Researchers from the Center for Cognition and Sociality and the Data Science Group at the Institute for Basic Science (IBS) have uncovered a noteworthy parallel between the memory processing of artificial intelligence (AI) models and the human brain's hippocampus. This revelation sheds light on the process of memory consolidation in AI systems, transforming short-term memories into enduring ones.
In the pursuit of Artificial General Intelligence (AGI), spearheaded by influential entities such as OpenAI and Google DeepMind, the study of human-like intelligence has become a focal point. At the heart of these endeavors lies the Transformer model, whose foundational principles are now under intense scrutiny.
Understanding how AI systems learn and retain information is pivotal to their efficacy. The researchers applied principles of human brain learning, specifically focusing on memory consolidation through the NMDA receptor in the hippocampus, to AI models.
The NMDA receptor, acting like a sophisticated door in the brain, facilitates learning and memory formation. The team made an intriguing discovery: the Transformer model appears to employ a gatekeeping process akin to the brain's NMDA receptor, prompting further exploration into whether the Transformer's memory consolidation can be controlled similarly.
In the human brain, a low magnesium level weakens memory function. The researchers found that mimicking the NMDA receptor could enhance long-term memory in the Transformer model.
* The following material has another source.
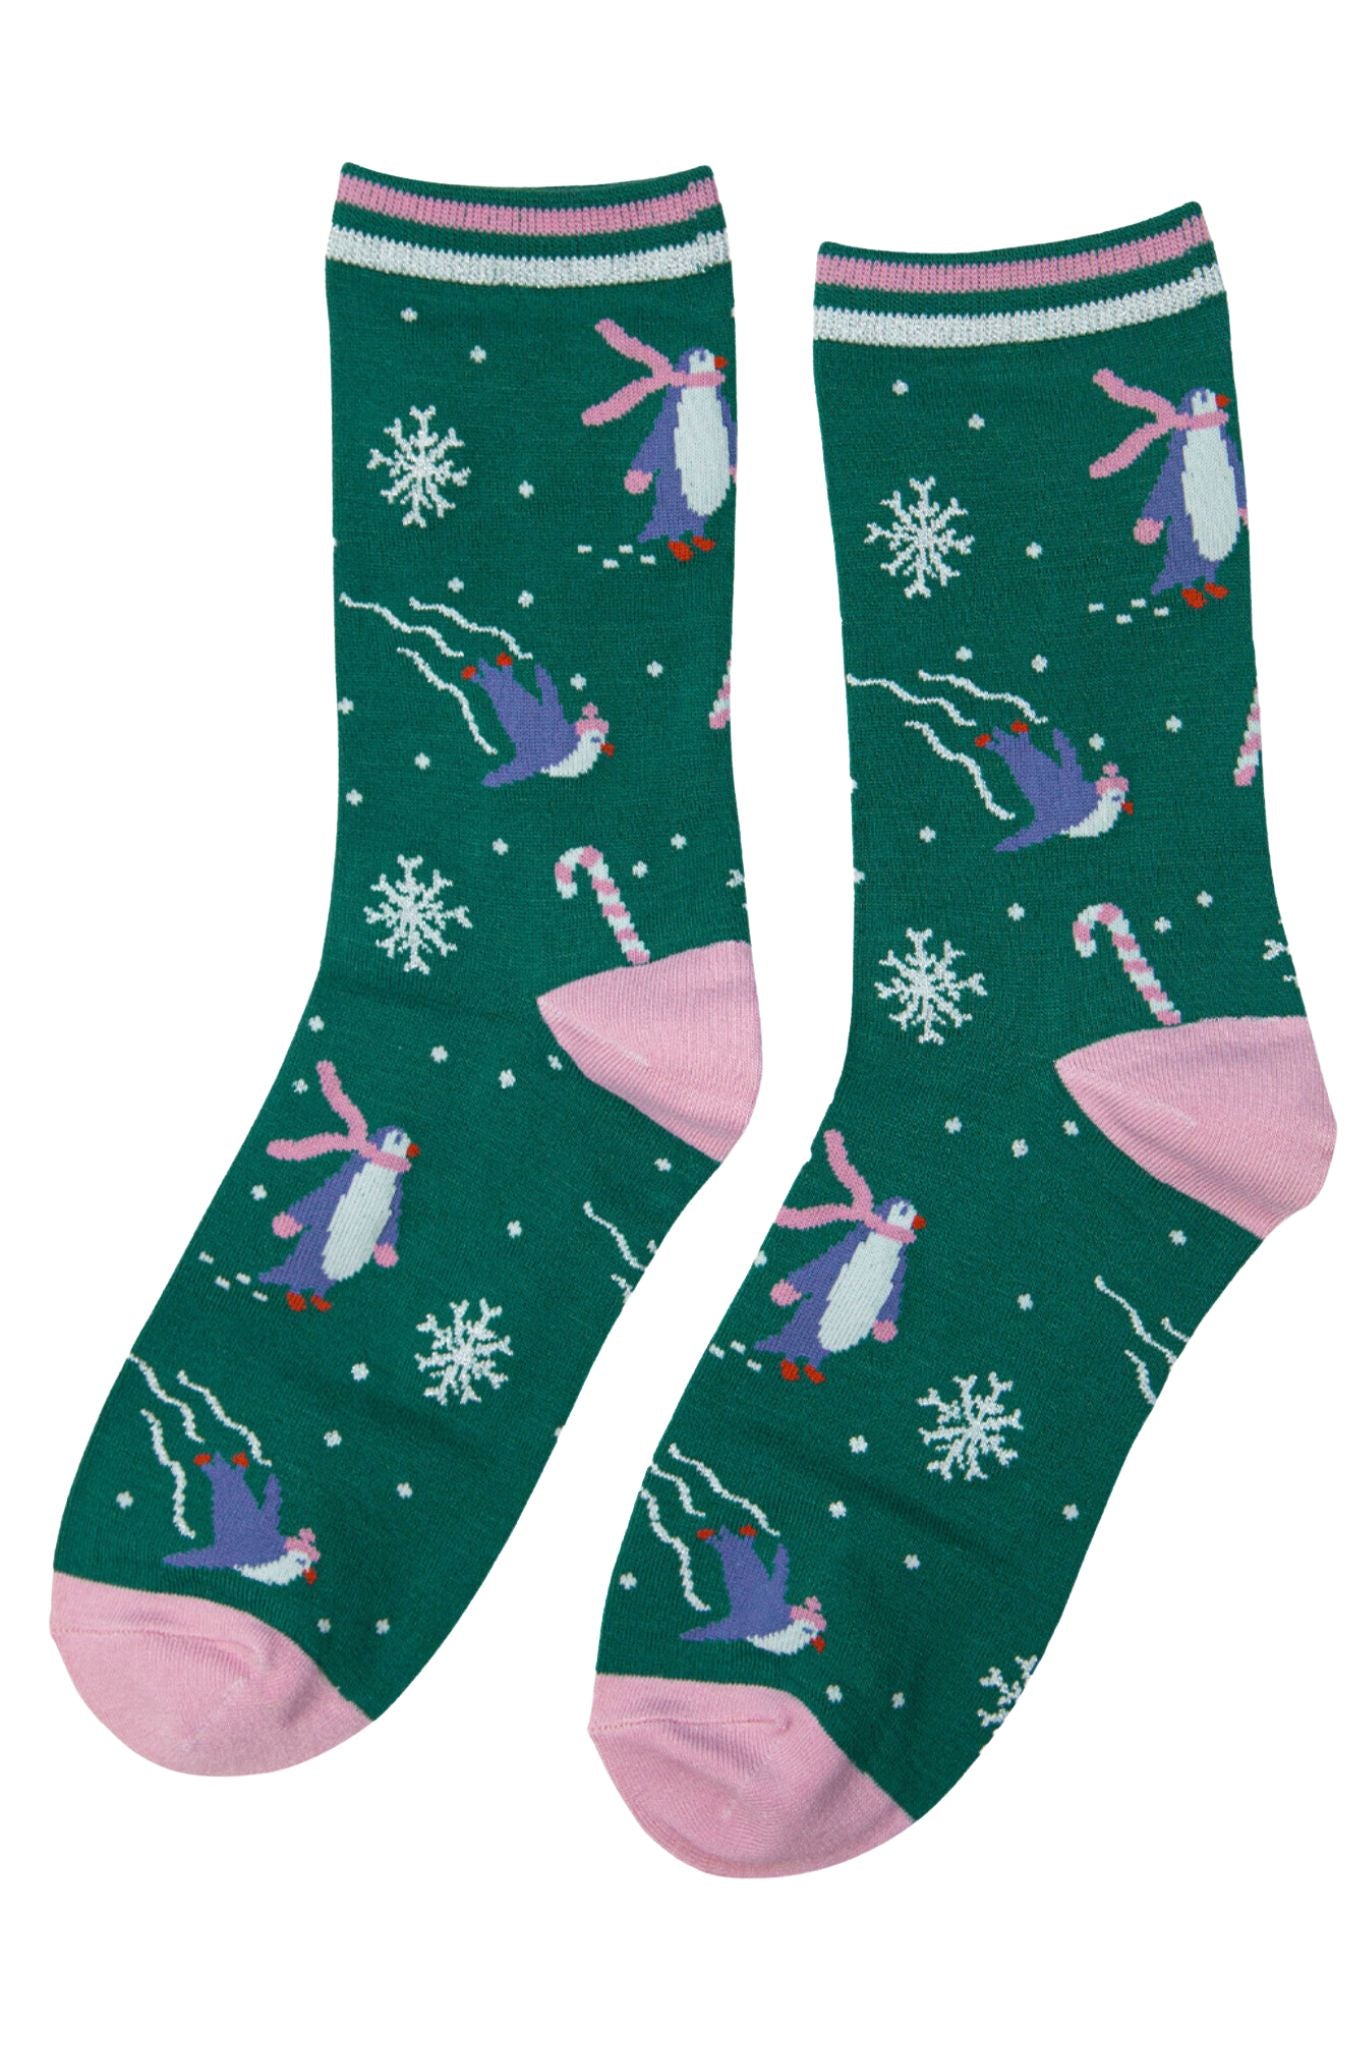 green glitter xmas socks featuring skating penguins

Just as changing magnesium levels impact memory strength in the brain, adjusting the Transformer's parameters to mirror the NMDA receptor's gating action resulted in improved memory in the AI model.
C. Justin Lee, a neuroscientist director at the institute, emphasized the significance of the research in advancing both AI and neuroscience. He stated, "This research makes a crucial step in advancing AI and neuroscience. It allows us to delve deeper into the brain's operating principles and develop more advanced AI systems based on these insights."
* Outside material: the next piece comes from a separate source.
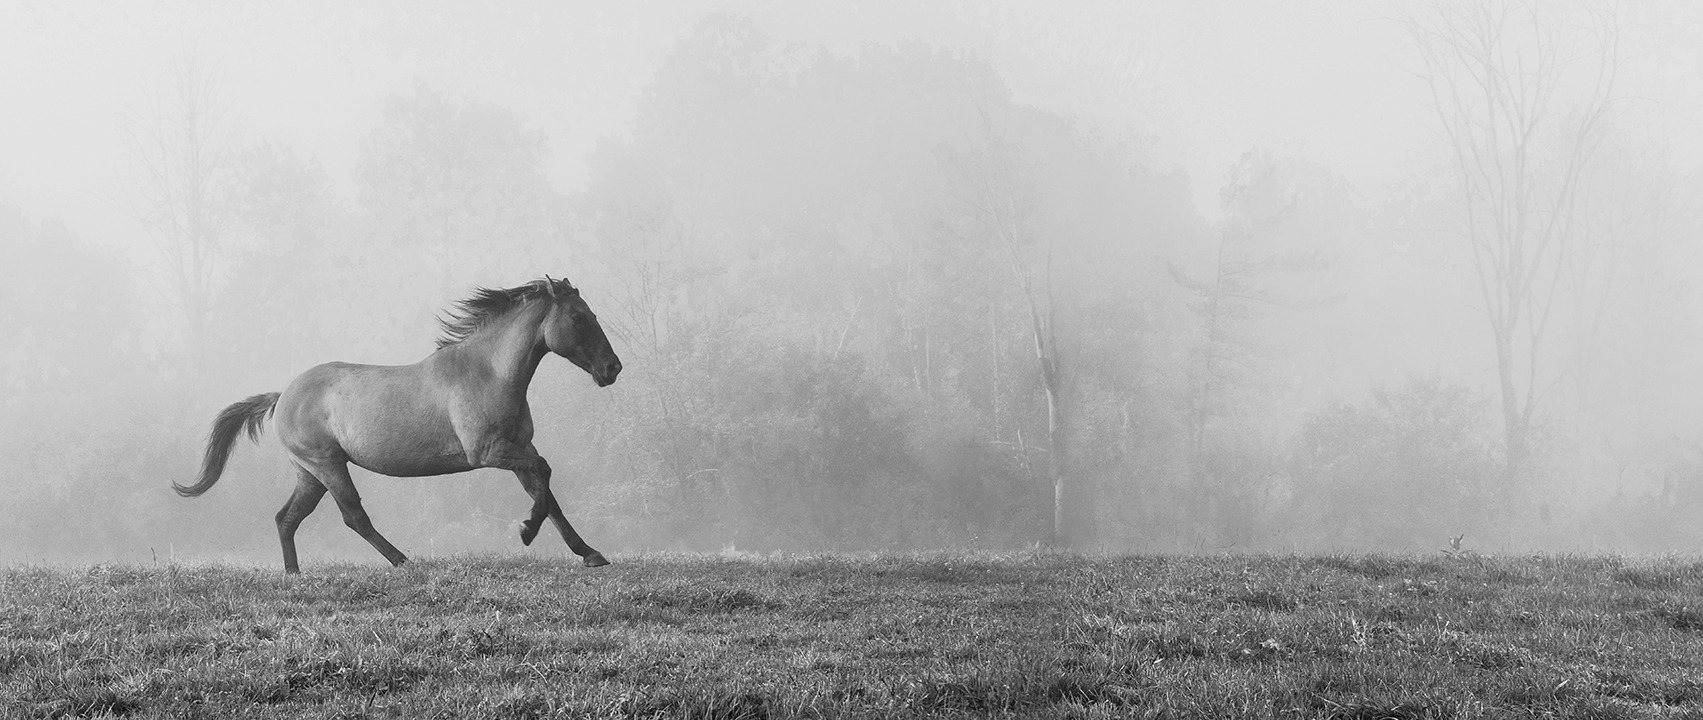 Sandra Kaplan  - Horse in Fog

CHA Meeyoung, a data scientist in the team and at KAIST, highlighted the potential for creating low-cost, high-performance AI systems that learn and remember information like humans. She noted, "The human brain is remarkable in how it operates with minimal energy, unlike the large AI models that need immense resources. Our work opens up new possibilities for low-cost, high-performance AI systems."
This study stands out for its incorporation of brain-inspired nonlinearity into an AI construct, marking a significant leap in simulating human-like memory consolidation. The intersection of human cognitive mechanisms and AI design not only holds promise for creating advanced AI systems but also provides valuable insights into the intricacies of the brain through AI models.